## What the exercise asks
Restate the data word for word and leave the images out.
*** Information provided
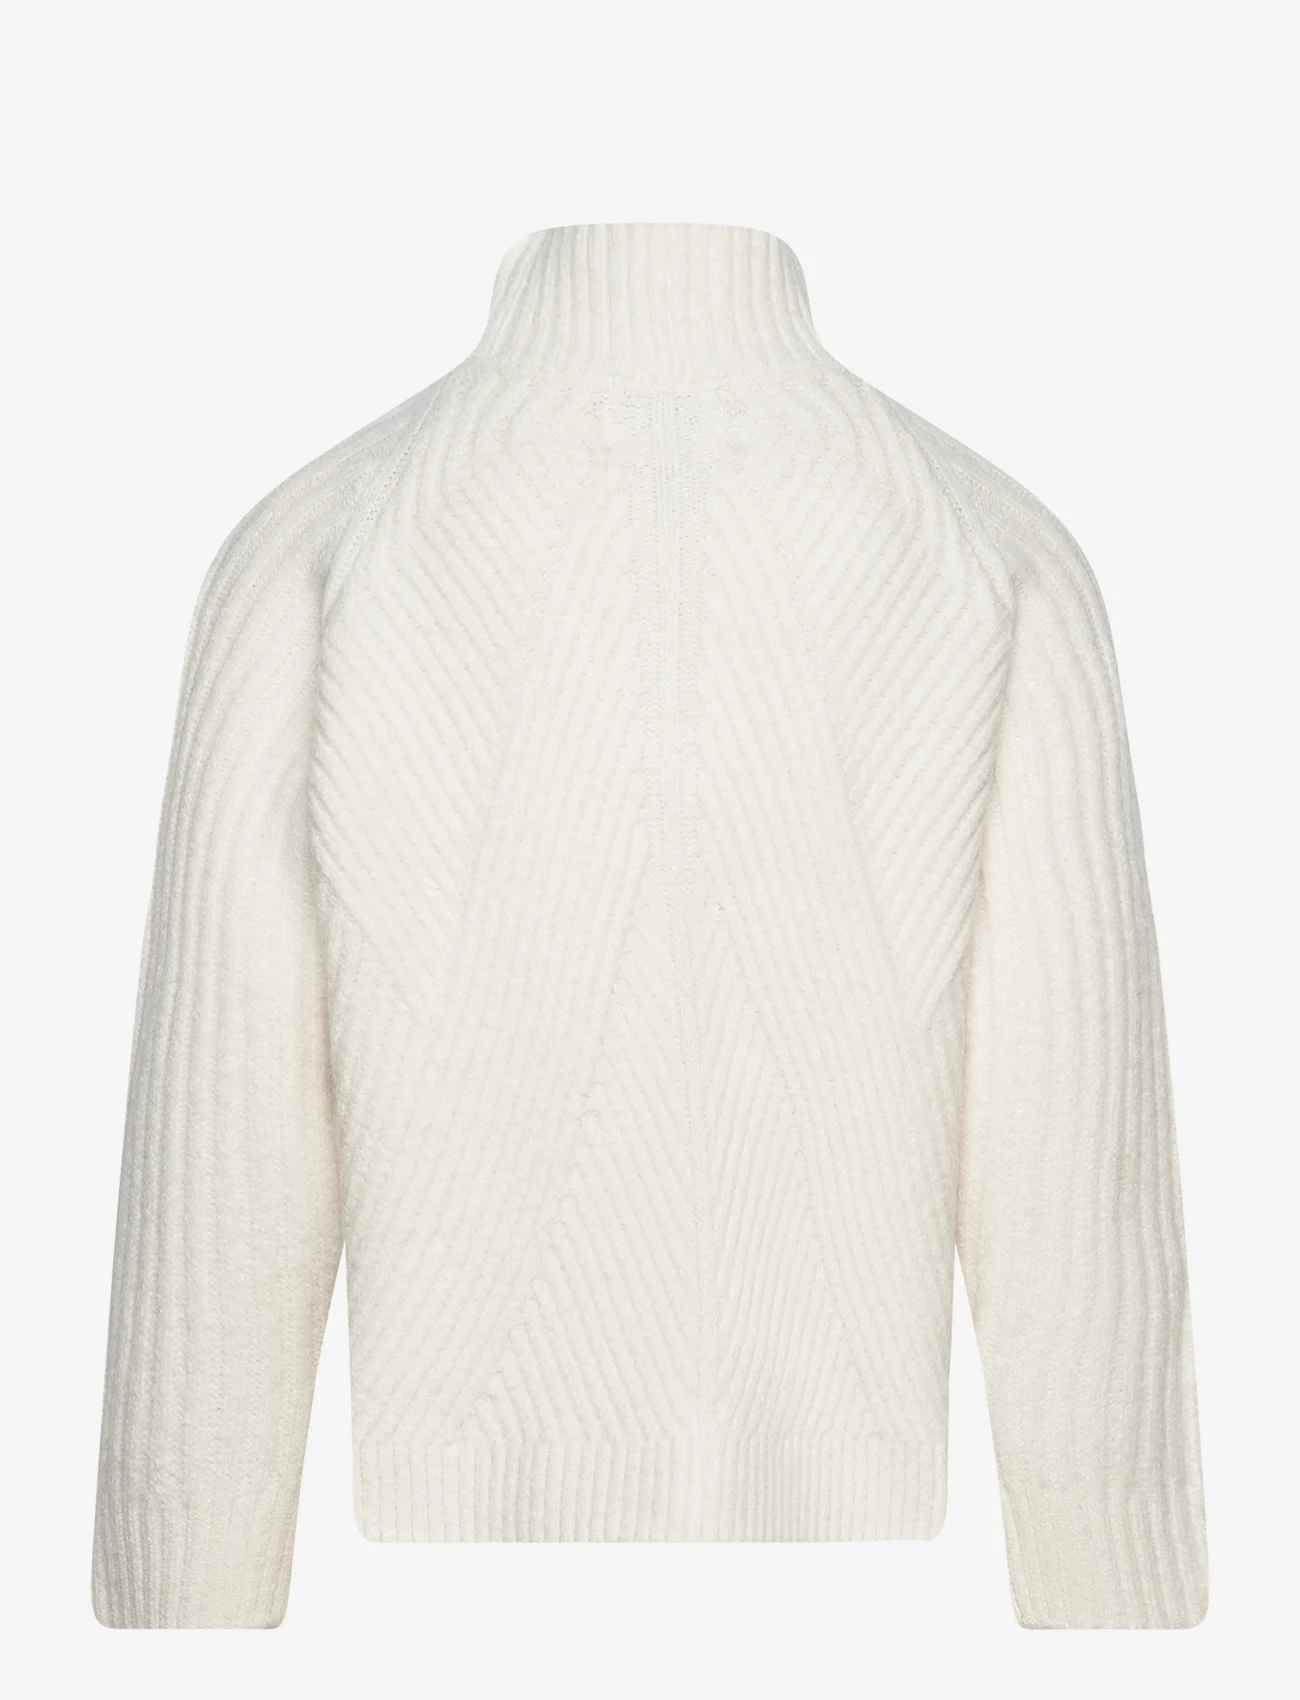 Sofie Schnoor Young - Sweater - gensere - off white - 1
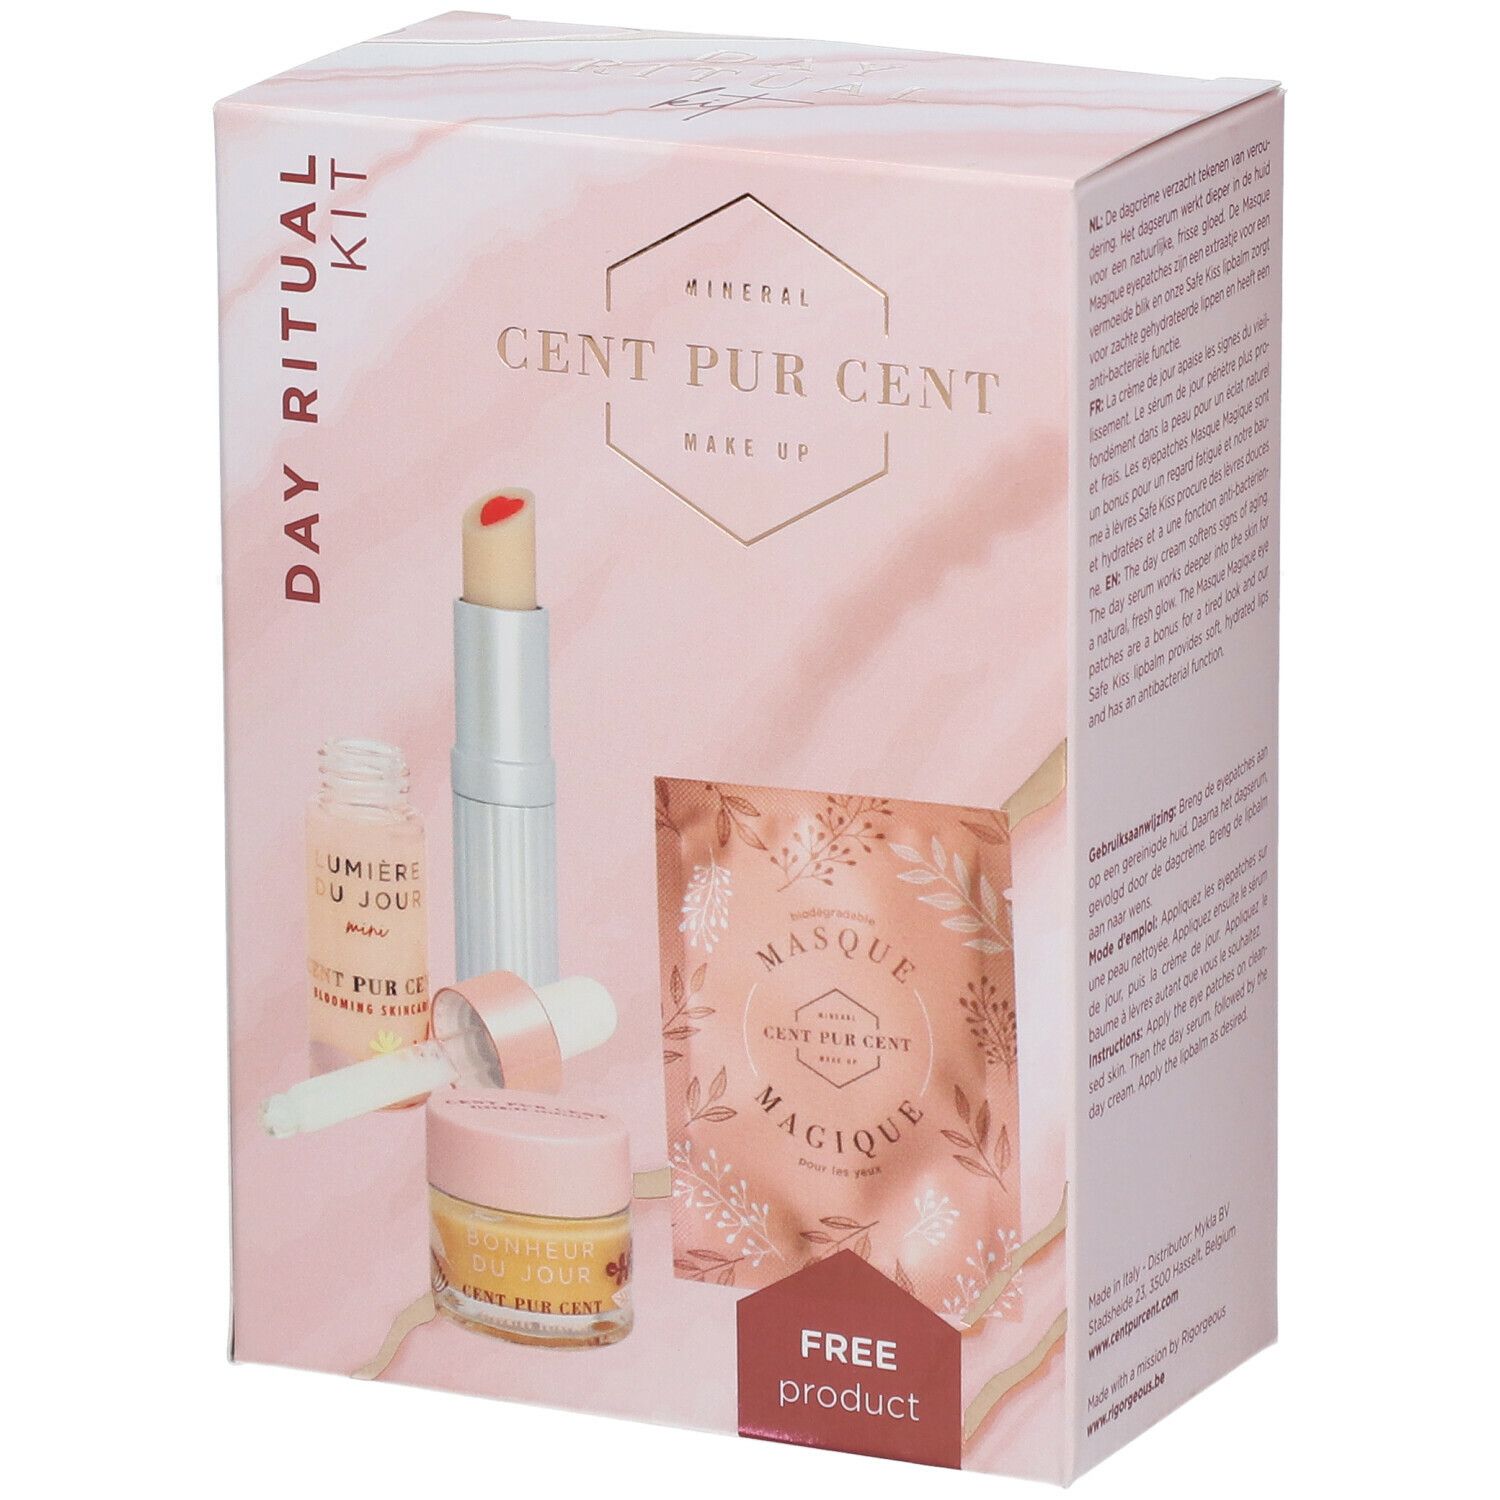 Cent Pur Cent Day Ritual Kit
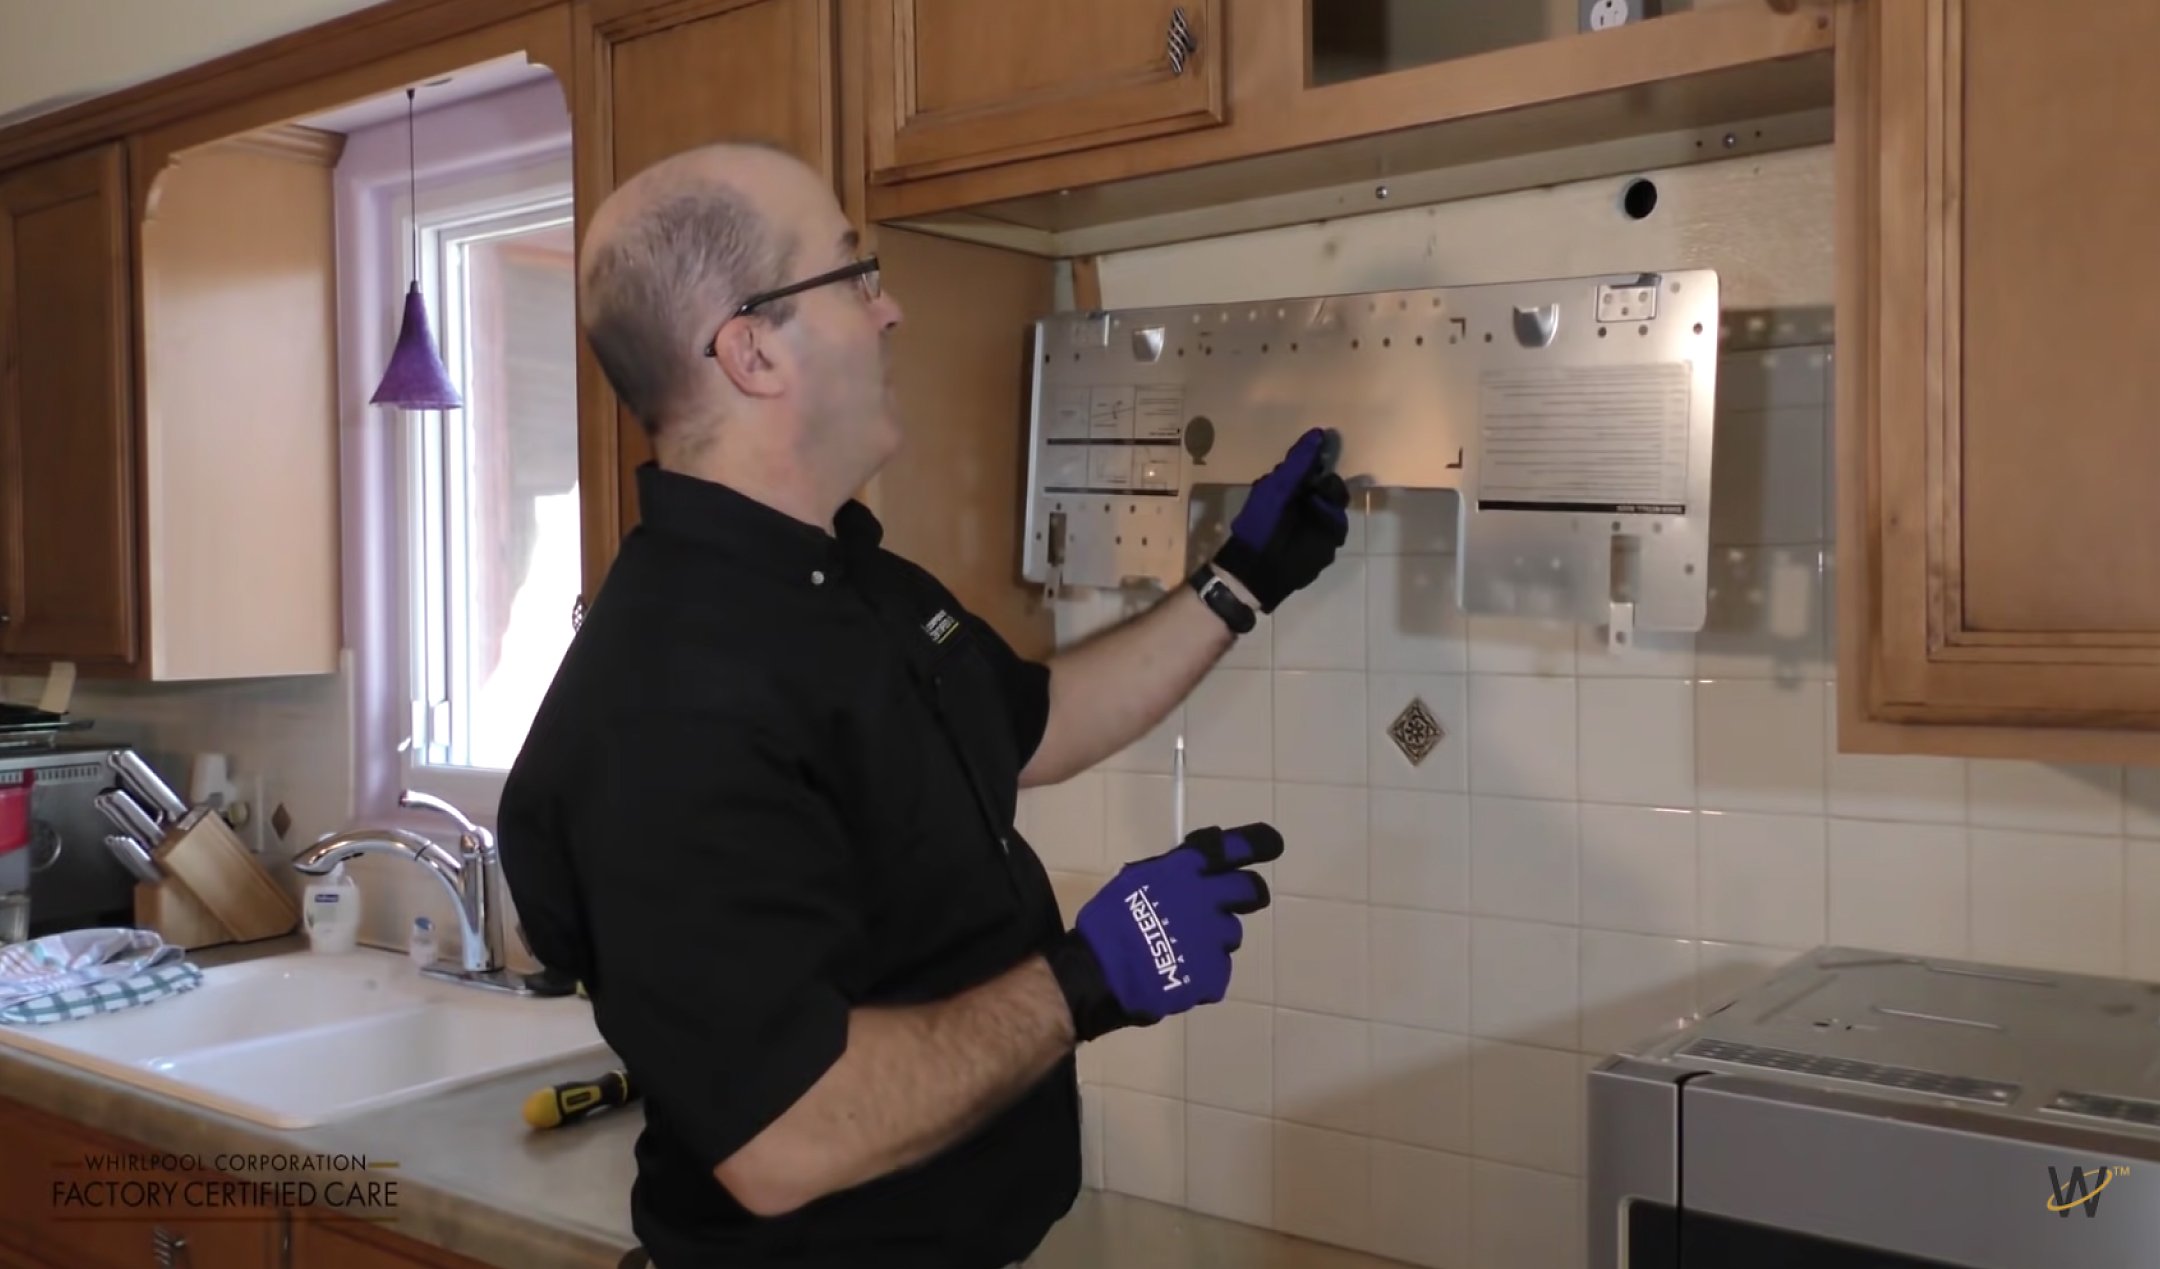 How to Replace an Over-the-Range Microwave
******
## Answer to this problem
 Sofie Schnoor Young - Sweater - gensere - off white - 1
 Cent Pur Cent Day Ritual Kit
 How to Replace an Over-the-Range Microwave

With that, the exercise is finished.